La lettre envoyée par l’avocat de la Maison Blanche à Nancy Pelosi est le dernier aboutissement d’une série de blocages. En fait, cela fait des semaines que le gouvernement Trump a refusé de coopérer avec les démocrates dans l’enquête sur l’appel entre le président américain et son homologue ukrainien.

Selon Jean-Eric Branaa, la stratégie de la Maison Blanche est de démontrer que les démocrates sont engagés dans une chasse aux sorcières. Pour cela, l’administration Trump tente de bloquer le processus en expliquant qu’il n’est pas légal. Parce que le lancement d’une enquête pour mise en accusation doit faire l’objet d’un vote formel de la Chambre. En réalité, il n’est écrit nulle part, mais la tradition , explique le conférencier de l’Université Panthéon-Assas. Ce qui signifie que la Chambre se réunit en séance plénière et qu’une majorité des représentants doit voter pour ouvrir cette enquête. Cette enquête n’a été ouverte que par une déclaration du Président de la Chambre des représentants. L’administration Trump estime que cela n’est pas légal. la Maison Blanche n’a pas à répondre aux demandes du Congrès.

Pour les démocrates, ces blocages répétés sont la preuve d’un obstacle aux fonctions constitutionnelles du Congrès. Mais leur marge de manœuvre est mince. “Je pense que les démocrates pourraient avoir recours aux tribunaux dans l’espoir d’une décision qui forcera finalement la Maison-Blanche à se conformer aux exigences du Congrès”, a déclaré Christophe Cloutier-Roy, chercheur en résidence à l’Observatoire des États-Unis. Unis du président Raoul Dandurand. “Sauf que cette procédure judiciaire sera évidemment assez longue. Il pourrait y avoir un premier verdict, puis un recours et le tout pourrait même aller jusqu’à la Cour suprême.” Un point de vue qui enchante peu les démocrates qui voudraient au contraire aller vite. Mais cette impasse sur l’enquête de Donald Trump sur une procédure de destitution en dit long sur l’état des institutions américaines.

Le Washington Post a publié un sondage lundi avec, entre autres, ce fait étonnant, un cinquième des électeurs républicains serait désormais en faveur de la destitution.

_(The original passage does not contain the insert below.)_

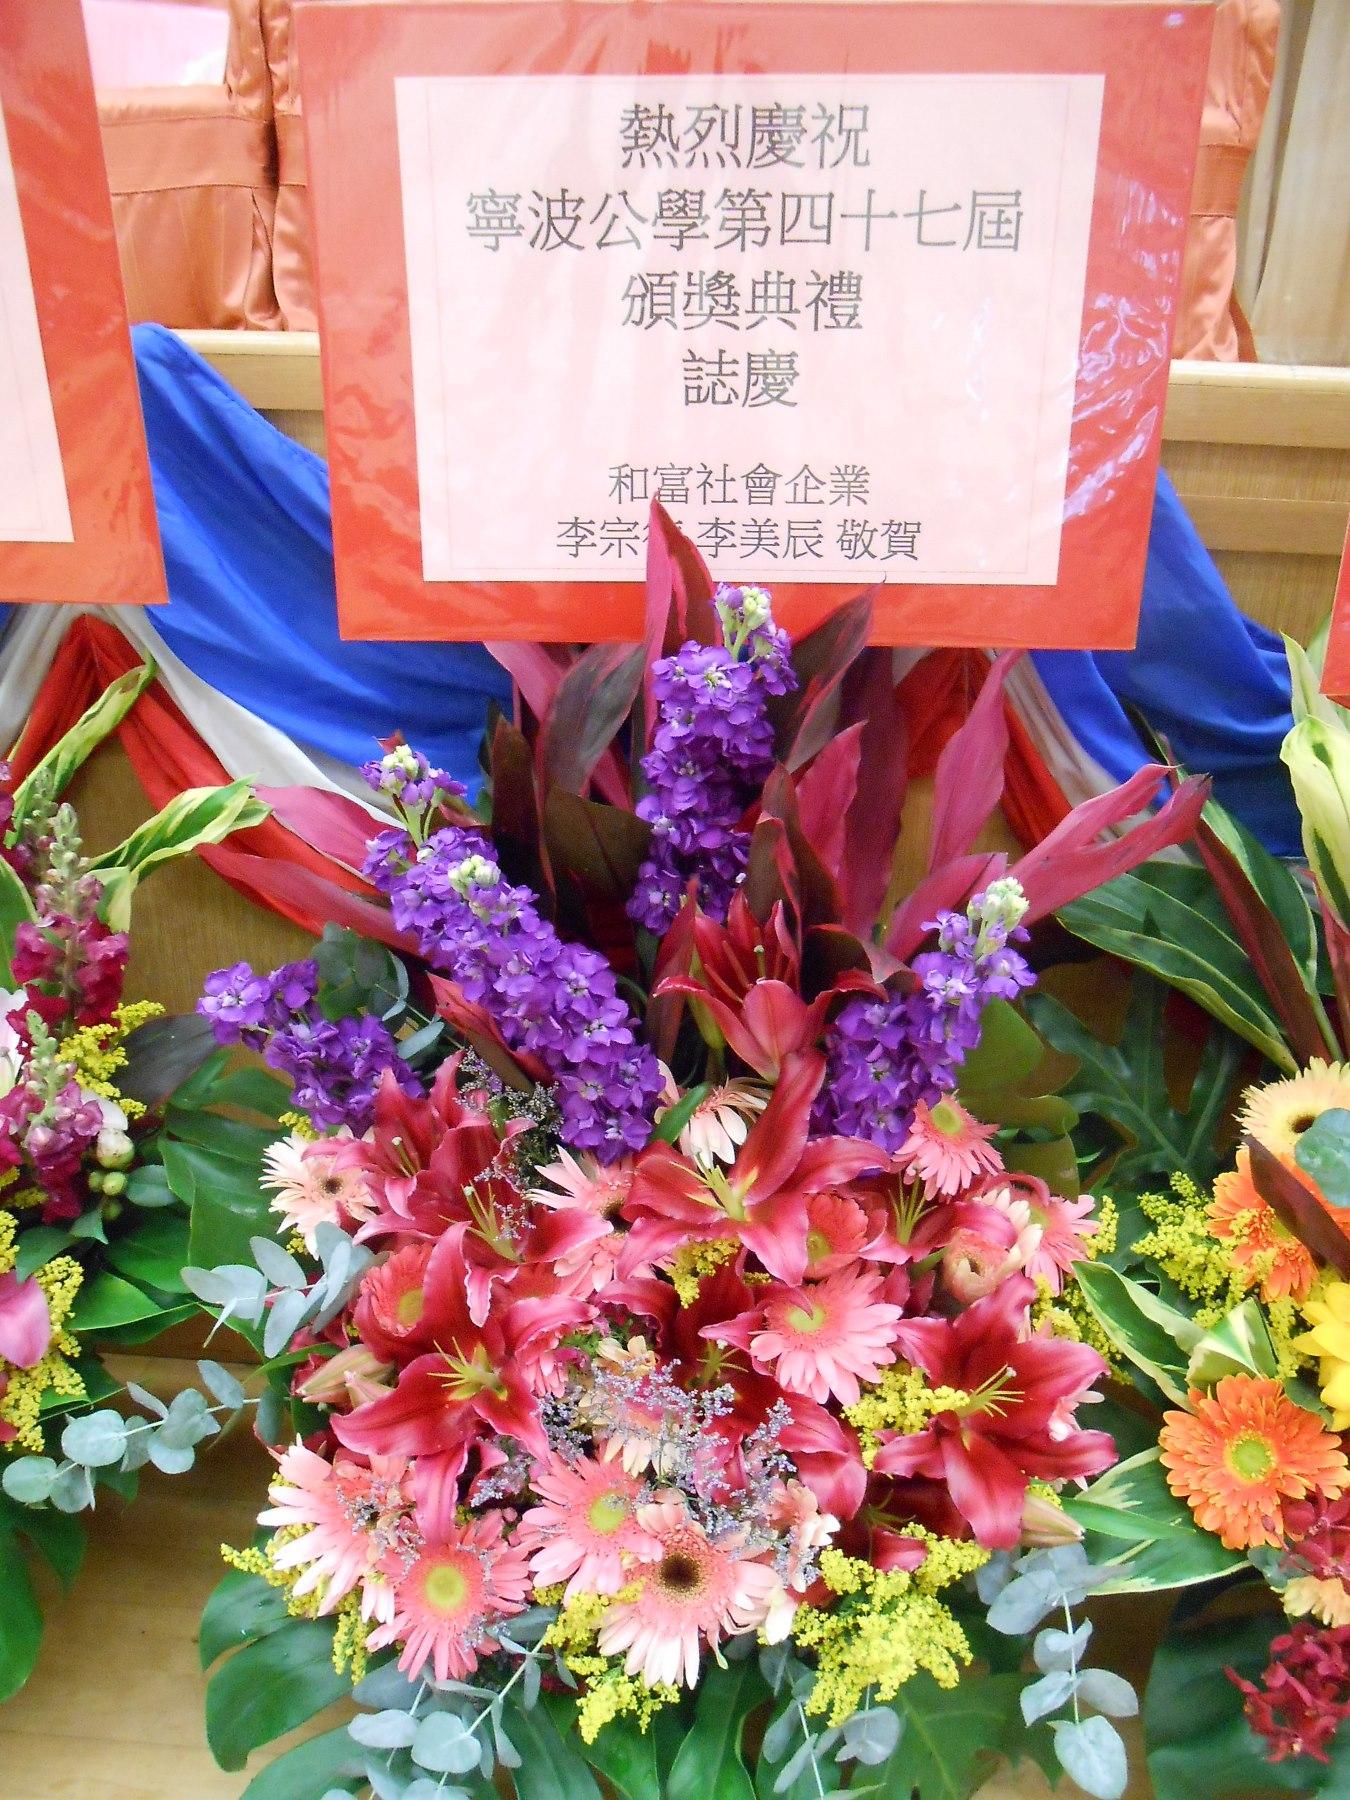 http://npc.edu.hk/sites/default/files/dscn9737.jpg

Christophe Cloutier-Roy voit là une vague de fond. Car si les supporters typiques de Donald Trump restent fidèles à leur champion, ce n’est pas le cas de tous les électeurs qui ont voté pour lui en 2016.

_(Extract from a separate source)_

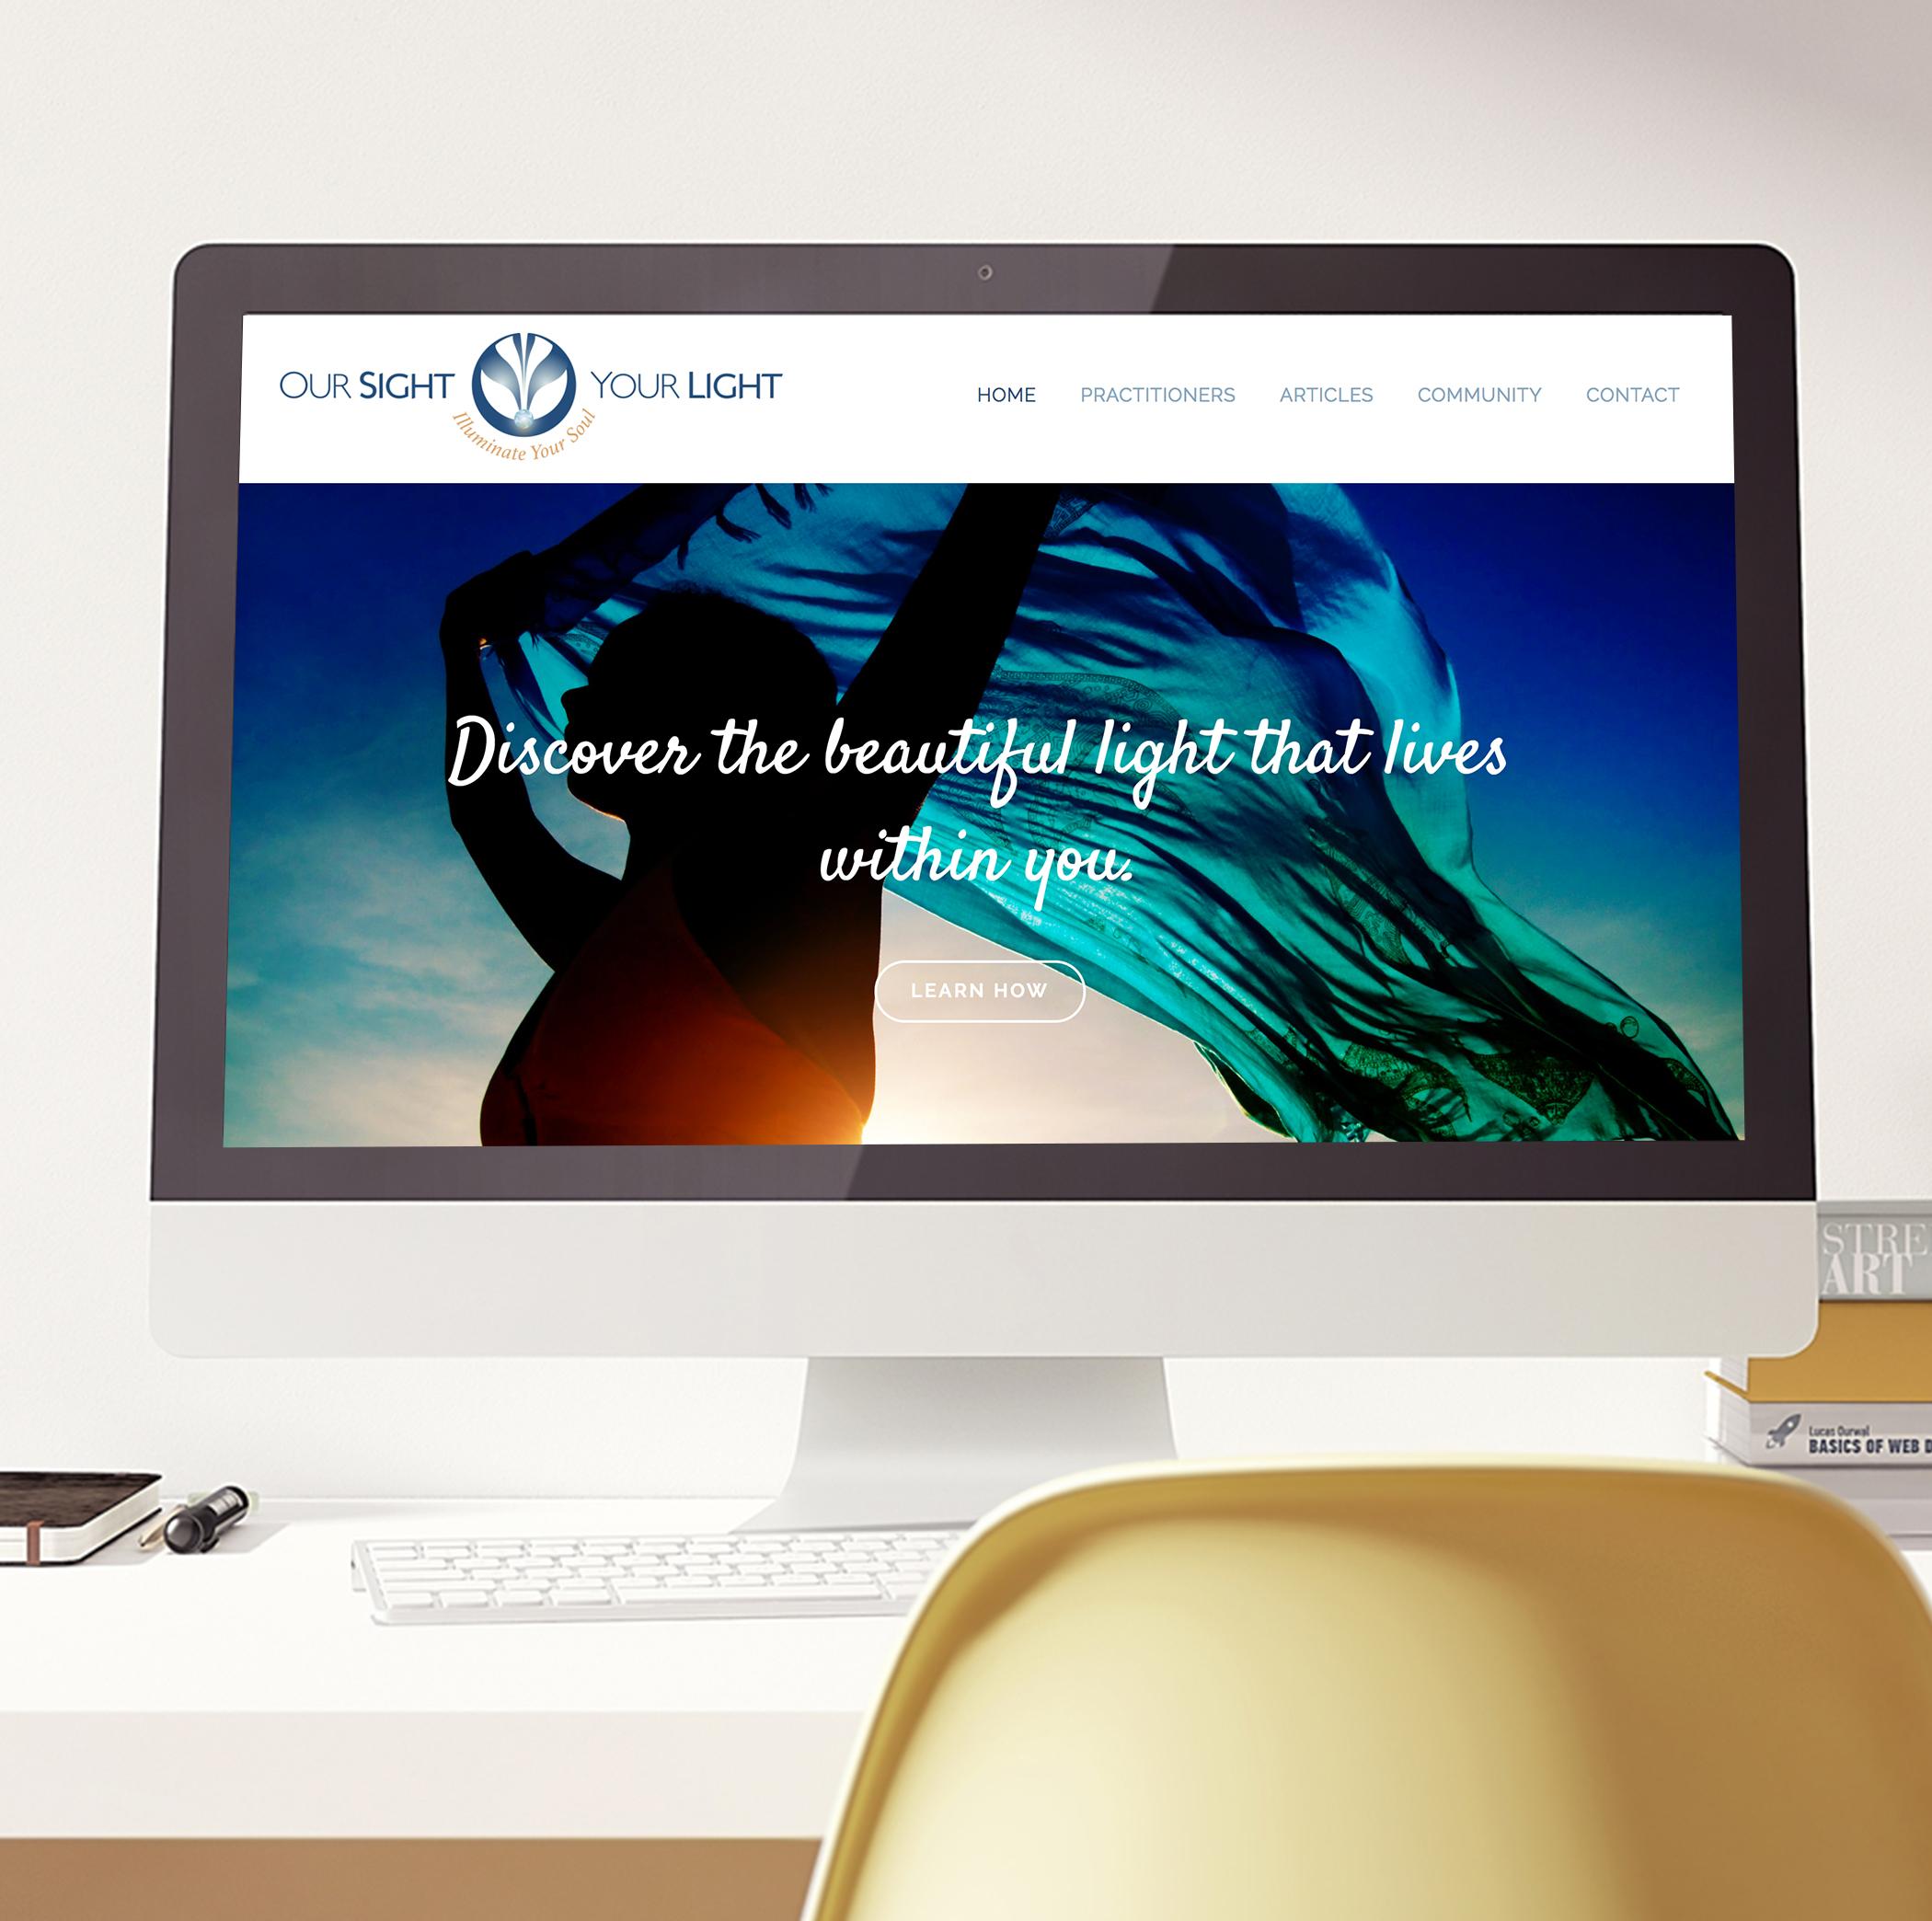 lightworker reiki healing tarot cards squarespace website design

Mais en s’alignant derrière un président qui affaiblit les institutions Étasuniennes , le parti conservateur semble complètement éclipser son avenir d’après-Trump. Il n’y a pas de plan B, note Françoise Coste. La question est, lorsque Donald Trump quittera la Maison Blanche, y aura-t-il une nouvelle génération montante qui n’aurait pas été souillée par les années Trump? La réponse est non! Même les jeunes pousses apparues aux primaires en 2016. Cette question est cruciale, mais elle a été vendue, mais personne à droite ne semble y penser aujourd’hui aux États-Unis.